The Palestinians called off the agreement after it faced a wave of criticism on social media. Israel said the doses it sent were safe and effective.

The European Union’s delegation to the Palestinians wrote on Twitter that it was “shocked and saddened” by Banat’s death and called for a “full, independent, and transparent investigation.”

The United Nations’ Middle East envoy, Tor Wennesland, also called for an investigation into the incident, saying that the “perpetrators must be brought to justice.”
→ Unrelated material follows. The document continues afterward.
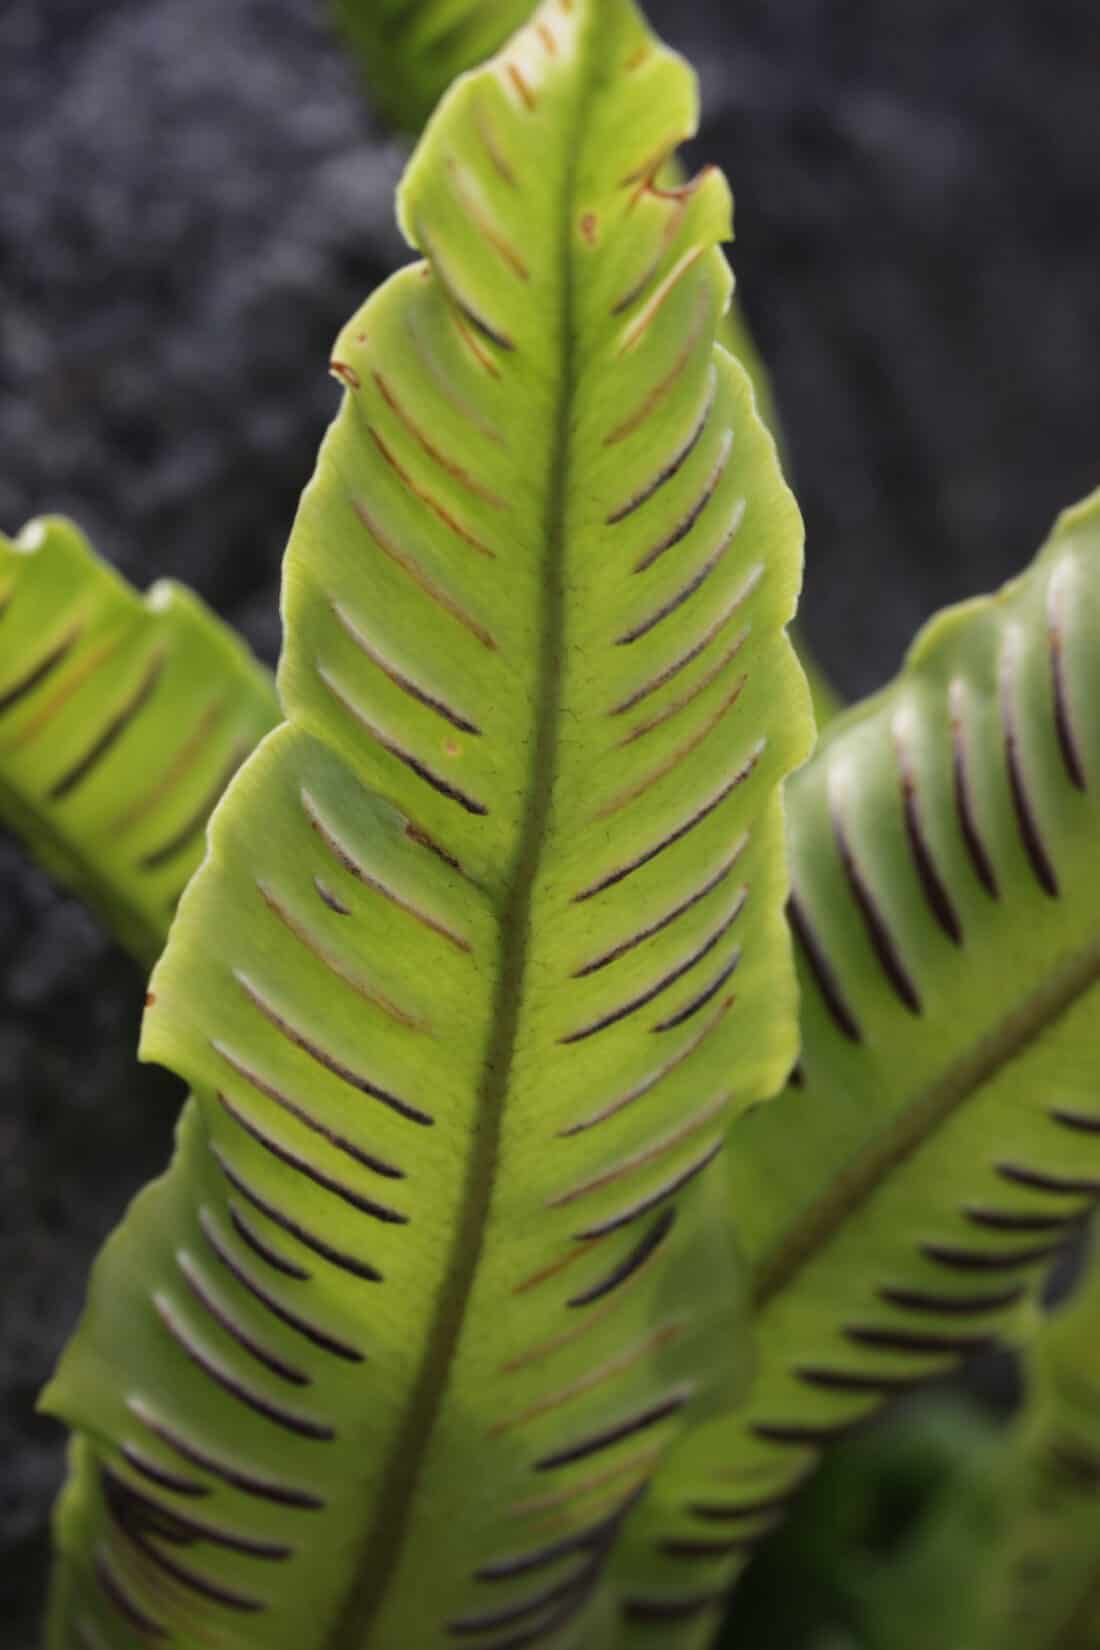 Close-up of a green fern leaf with distinctive spore patterns on the underside. asplenium scolopendrium - hart's tongue fern

Earlier this week, Palestinian security forces detained a prominent activist and held him overnight after he unleashed a wave of criticism at the Palestinian Authority on Facebook. Issa Amro is an outspoken critic of both Israel and the PA, and has been detained by both in the past.

A recent poll showed plummeting support for Abbas, who cancelled the first elections in 15 years in April when it looked like his fractured Fatah party would suffer another humiliating defeat to Hamas, the Islamic militant group ruling Gaza.

Hamas drove out forces loyal to Abbas when it seized power in Gaza in 2007, and he was mostly sidelined during last month’s 11-day Gaza war.

Western nations continue to view Abbas as a key partner in the long-moribund peace process, and the European Union has provided hundreds of millions of dollars in direct aid to the Palestinian Authority over the years.

Earlier this week, the EU signed an agreement to provide 425 million US dollars (£304 million) in loans to the Palestinian government and Palestinian banks to help them cope with an economic crisis exacerbated by the coronavirus pandemic.